Additionally, an LED may be positioned at the distal end of the device to illuminate the surgical field. A wire(s) supplying voltage to the LED may run along the tubular member of the suction device.

Claims

1-67. (cancelled)

68. A suction appliance comprising: a tube formed from a light-conducting polymer and having a proximal end for mating to a suction source, a distal end, and a tubular wall including a first void at least partially filled with a chemiluminescent material, the tubular wall forming a channel for transmitting suction from the proximal to the distal end.

69. The suction appliance of claim 68, wherein the tube further includes a shapeable element disposed longitudinally with at least a portion of the tubular wall.

70. The suction appliance of claim 68, wherein the tube further includes a second void and a third void at least partially filled with a chemiluminescent material.

71. The suction appliance of claim 69, wherein the shapeable element is embedded in the tubular wall.

72. The suction appliance of claim 68, further comprising a shapeable element disposed within the void, and wherein a volume of the void formed by the tubular wall is filled at least partially by the shapeable element, and at least partially by the chemiluminescent material.

73. The suction appliance of claim 68, wherein the polymer is a shapeable polymer.

74. A suction appliance, comprising: a first tube formed from a light-conducting polymer and having a proximal end adapted to mate with a suction source, a distal end, and a tubular wall forming a channel for transmitting suction from the proximal end to the distal end; and a closed container disposed with a least a portion of the first tube and containing a chemiluminescent material.

75. The suction appliance of claim 74, wherein the closed container is tubular.

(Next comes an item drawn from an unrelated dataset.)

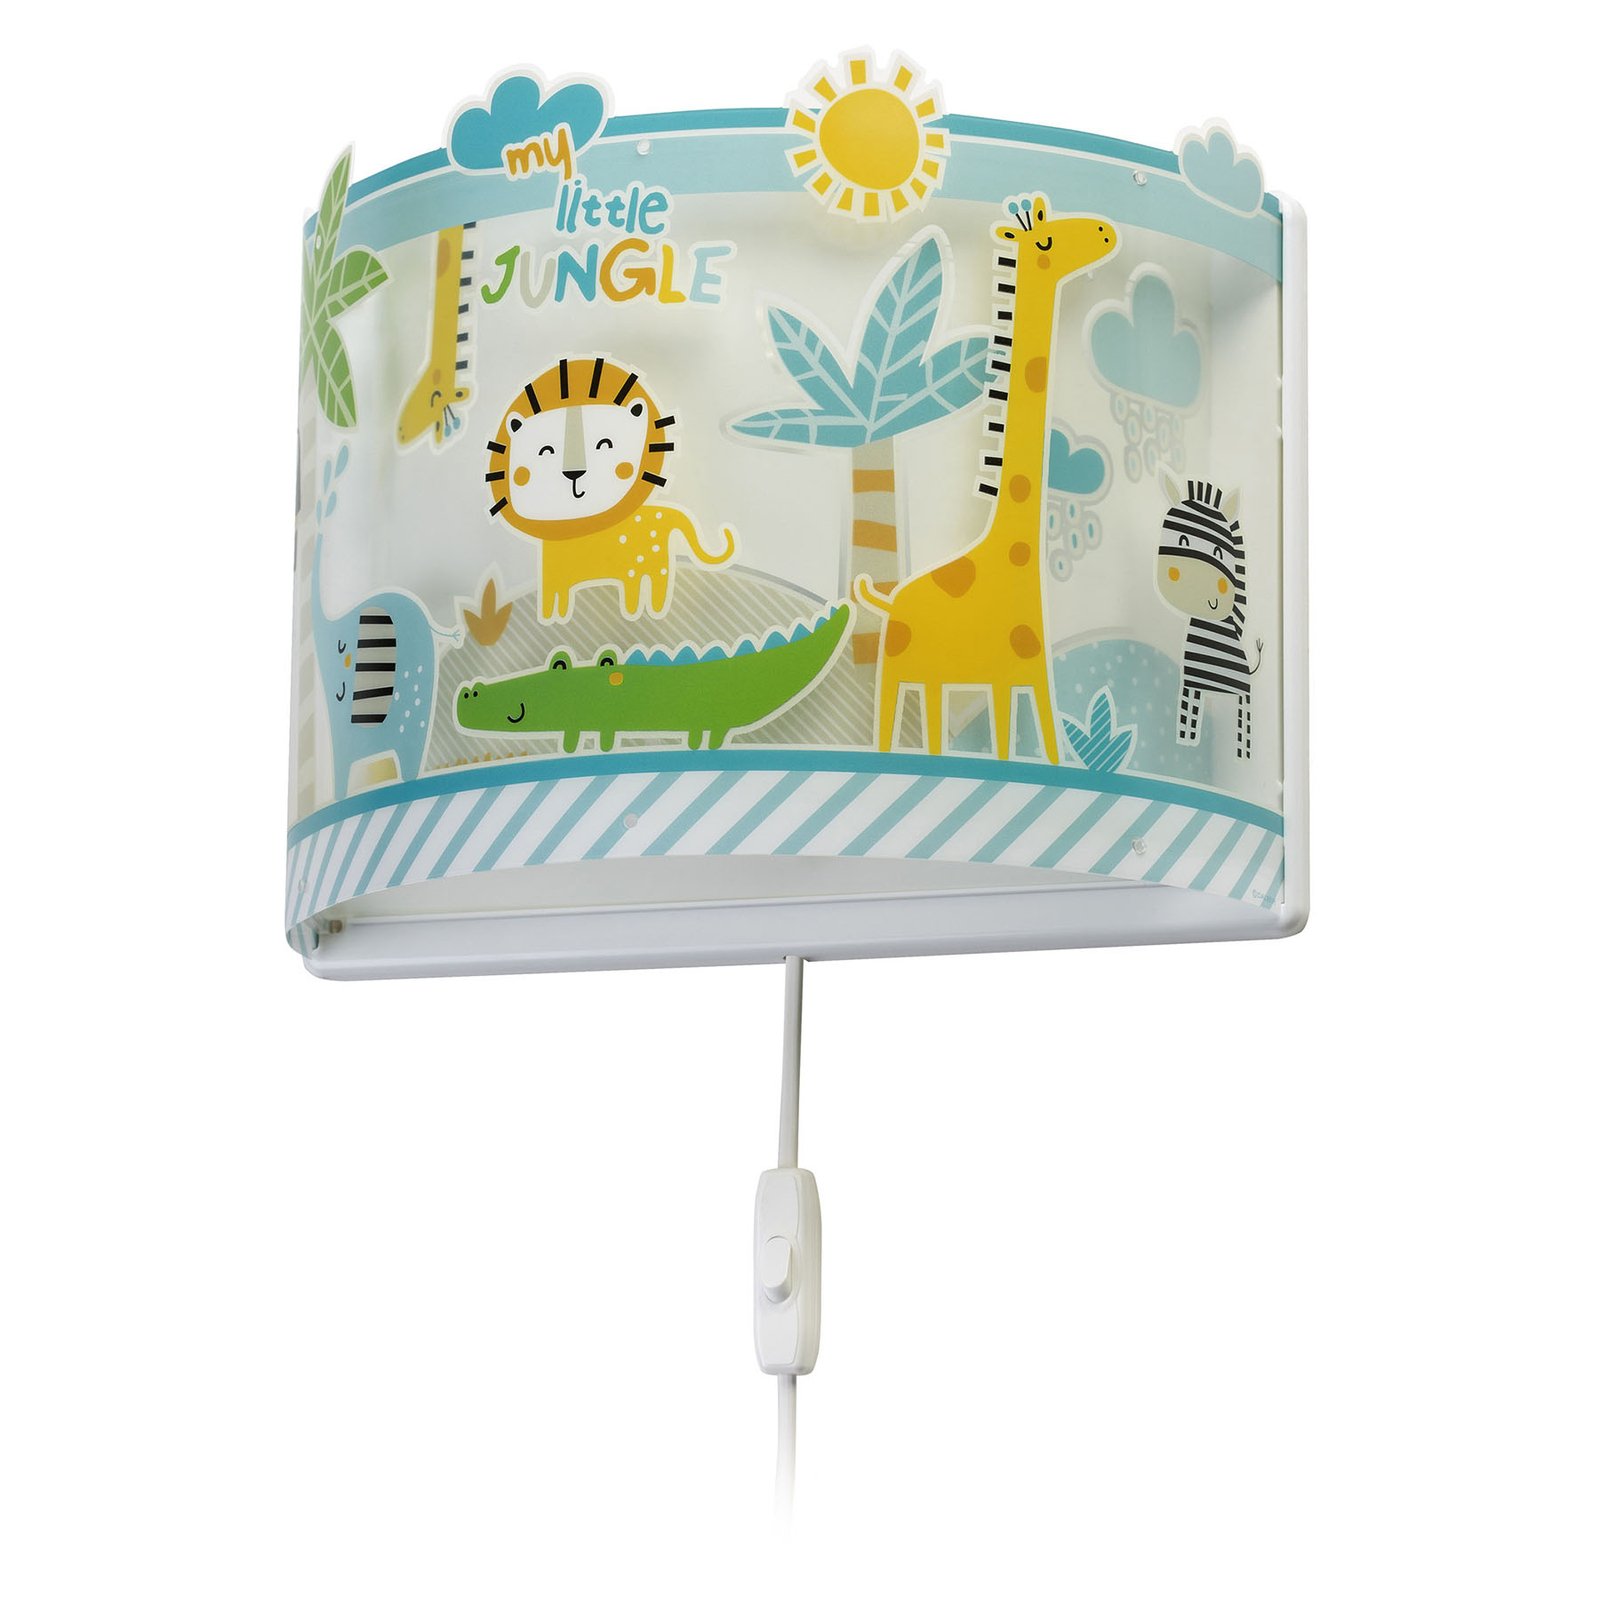 Little Jungle wandlamp voor kinderen met stekker

76. The suction appliance of claim 75, wherein the tubular closed container is disposed within the first tube.

77. The suction appliance of claim 76, wherein the tubular closed container is coaxially disposed within the first tube.

78. The suction appliance of claim 74, further comprising a second and a third closed container, and wherein the first chemiluminescent container is disposed proximate to the proximal end of the tube, and the second chemiluminescent container is disposed proximate to the distal end of the tube.

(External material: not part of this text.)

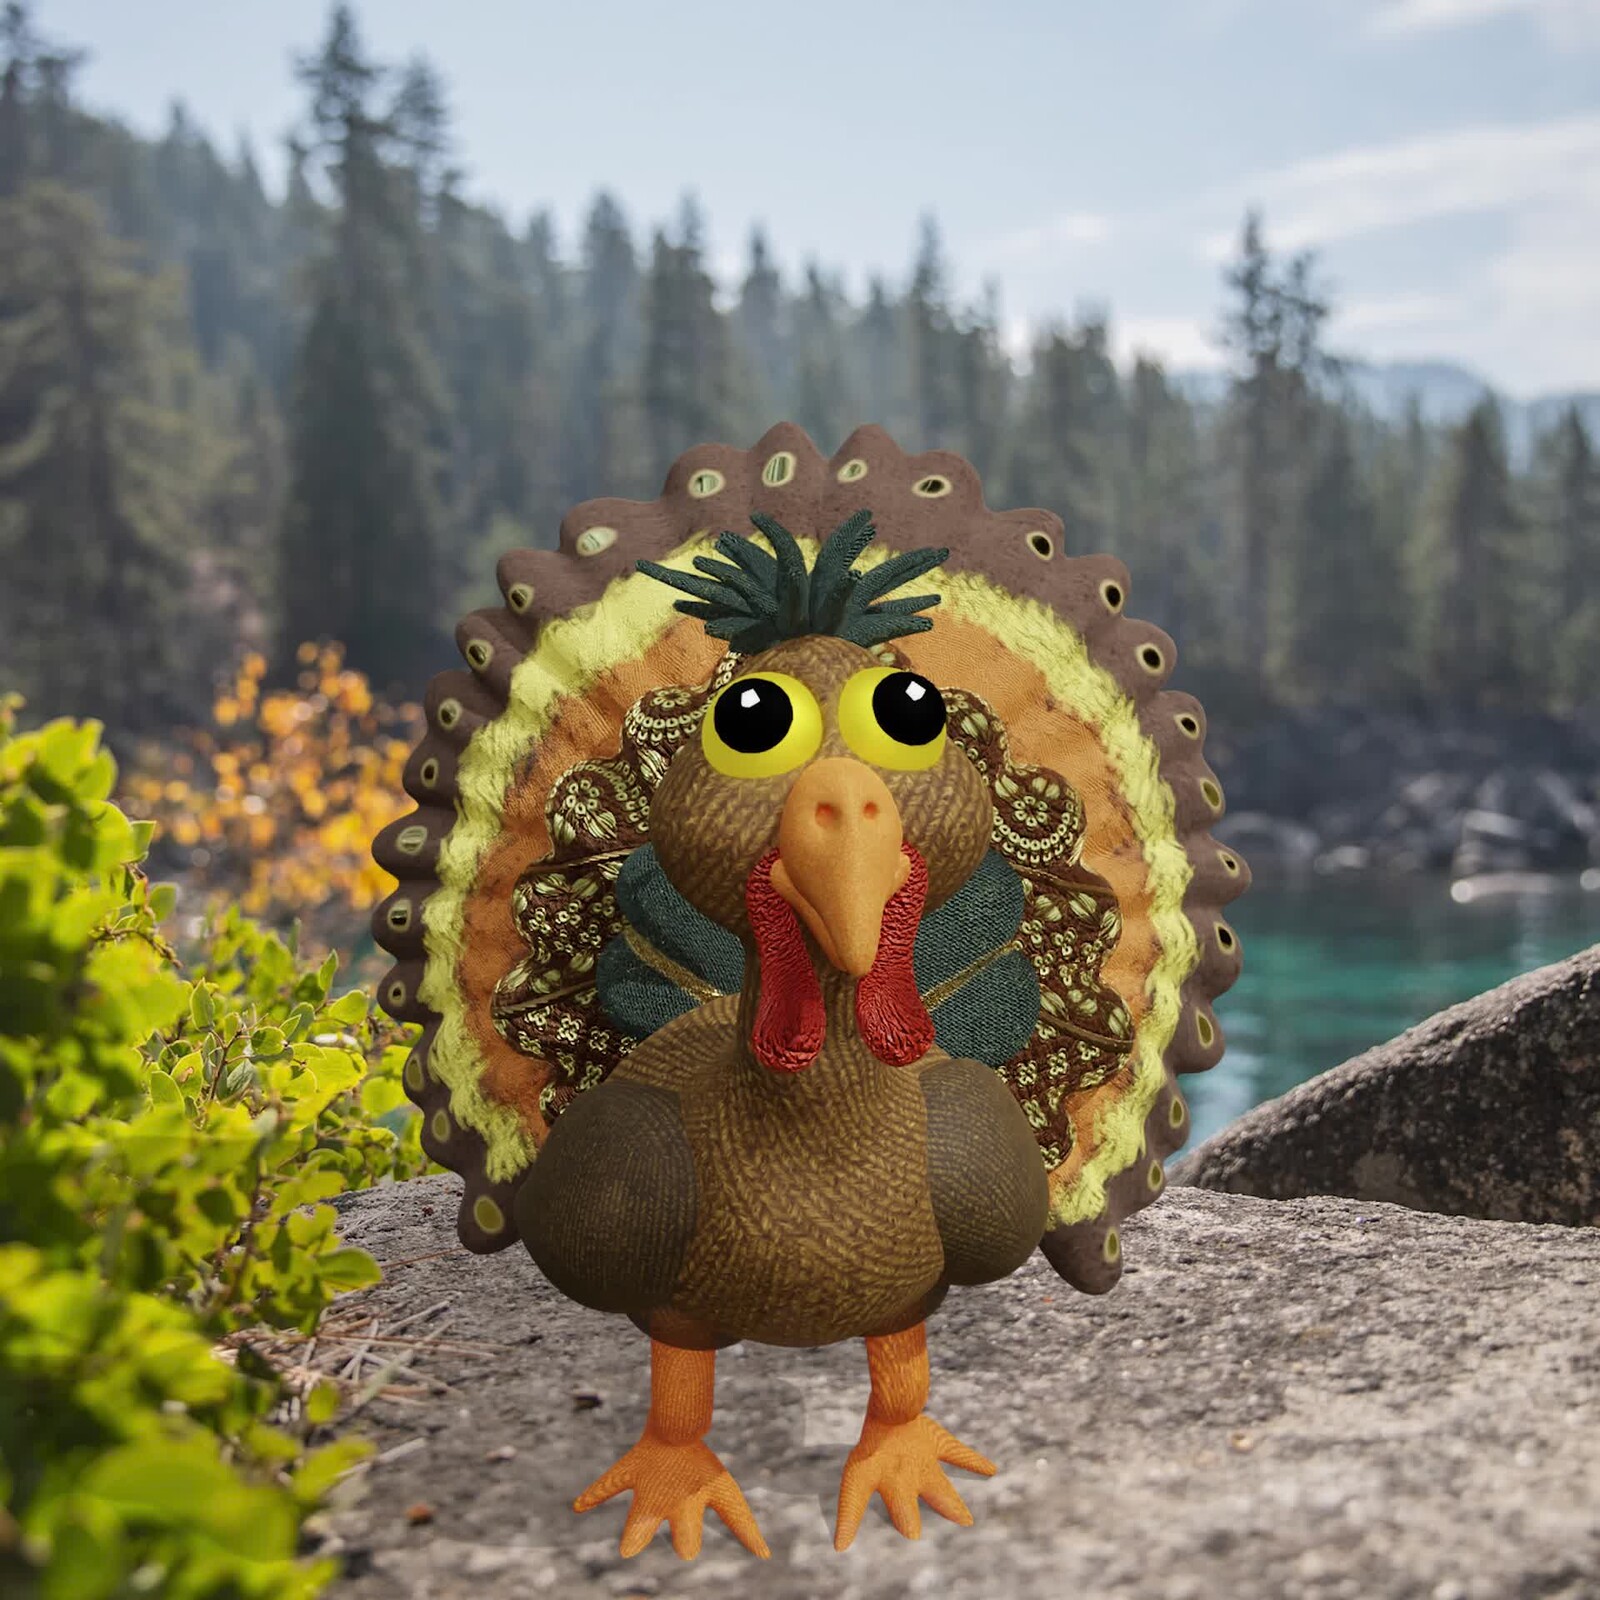 Gobbler the Turkey

79. A suction appliance comprising: a first tube formed from a light-conducting polymer, the first tube having proximal and distal ends and a tubular wall; a second tube disposed at least partially within the first tube, and having a proximal end adapted to attach to a suction source, a distal end, and a tubular wall, the tubular wall of the first tube coupled to the tubular wall of the second tube, thereby forming a void, the void at least partially filled with chemiluminescent material.

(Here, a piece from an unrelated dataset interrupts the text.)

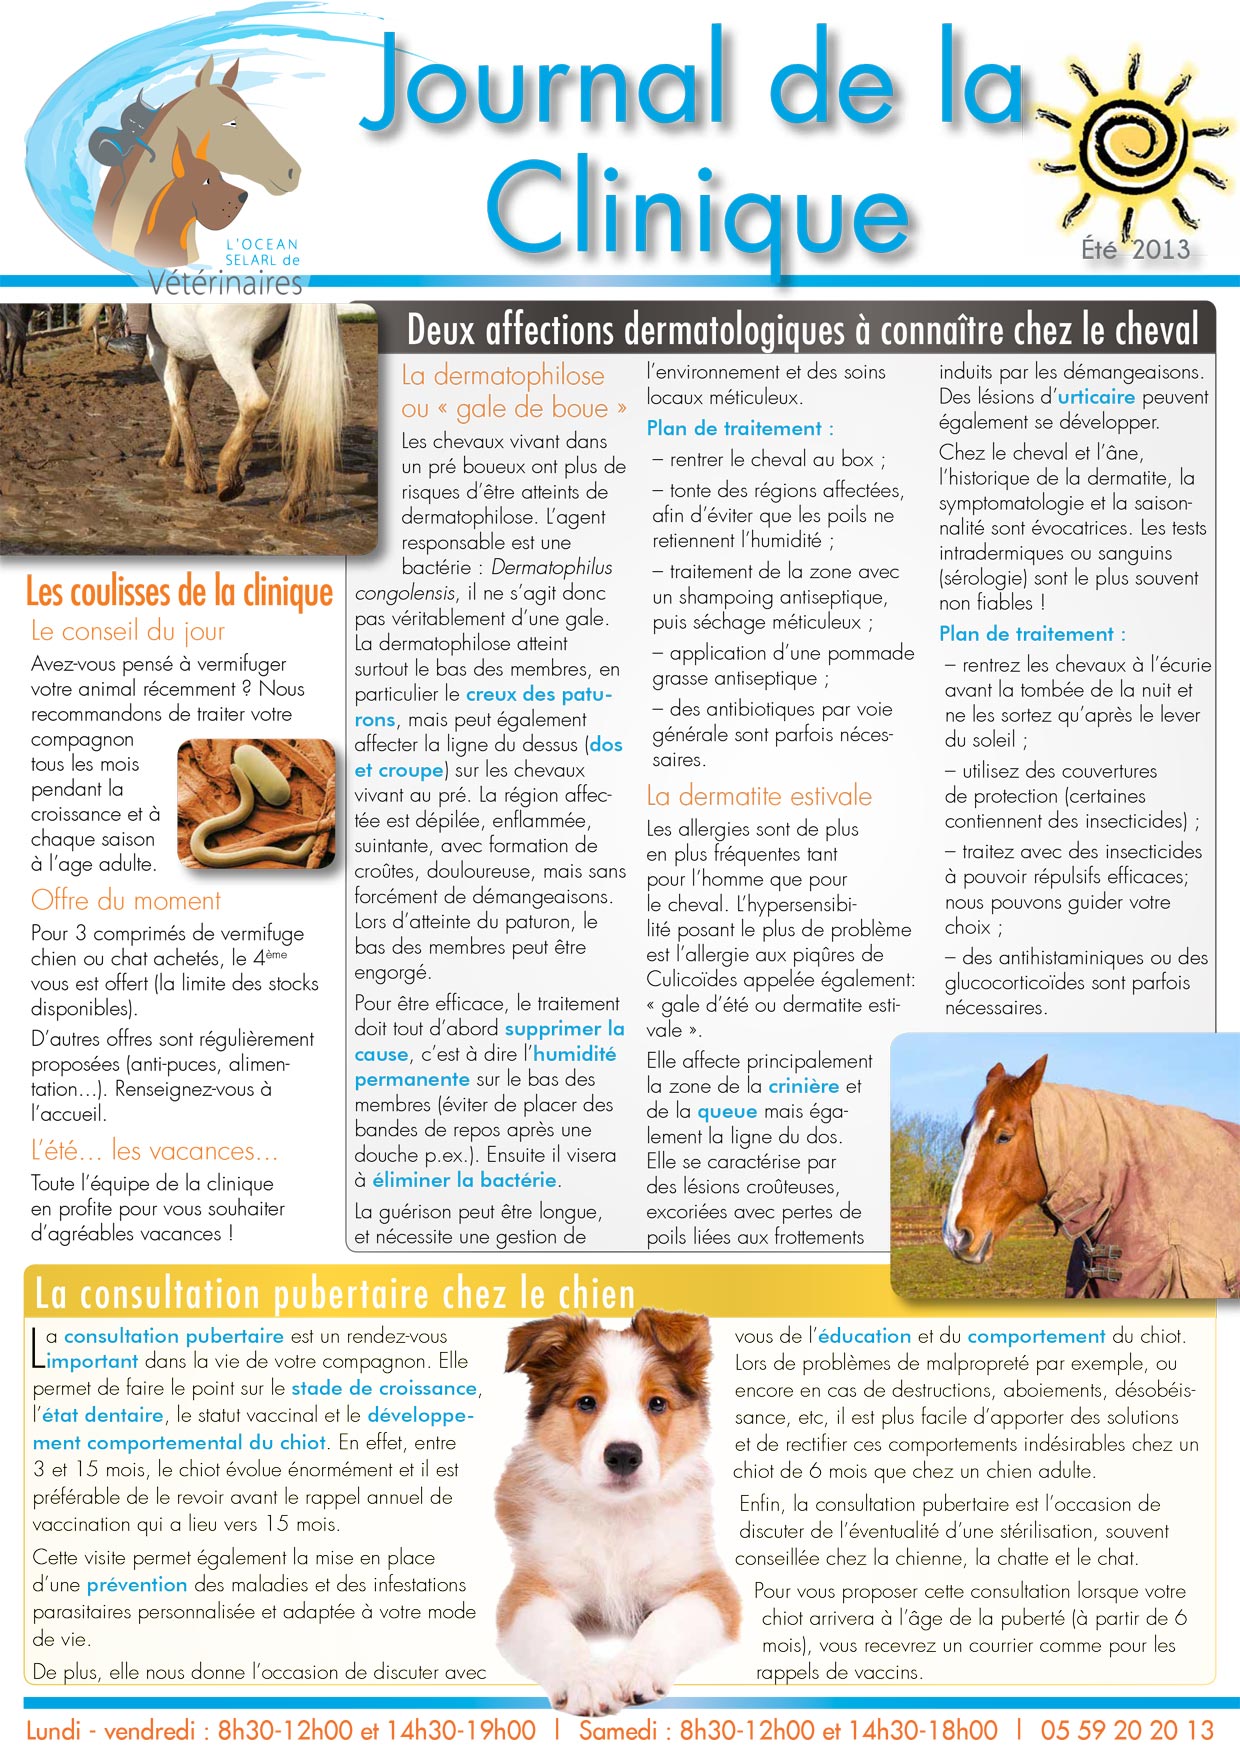 Le Journal de la Clinique - Eté 2013 page 1

80. The suction appliance of claim 79, wherein the second tube is formed from a shapeable material.

81. A method, comprising: activating a chemiluminescent material contained within a first void of a tube, the tube having proximal and distal ends; connecting the proximal end to a suction source; and suctioning with the distal end while illuminating a surface.

82. The method of claim 81, further comprising: activating a chemiluminescent material contained within a second void of the tube.

83. The method of claim 81, further comprising: shaping the tube to select the surface being illuminated.

84. A method, comprising: activating a chemiluminescent material in a container; attaching the container to a tube having a proximal end, a distal end, and a channel from the proximal to the distal end for transmitting suction from the proximal to the distal end; providing a suction to the proximal end of the tube; and suctioning with the distal end of the tube while illuminating a surface with light emitted from the chemiluminescent material.

85. The method of claim 84, further comprising: shaping the tube to select the surface for illumination.

86. The method of claim 84, further comprising: activating a chemiluminescent material in a second container; attaching the second container to the tube; illuminating an other surface with the chemiluminescent material in the second container.

87. The method of claim 86, further comprising: shaping the tube to select the other surface for illumination.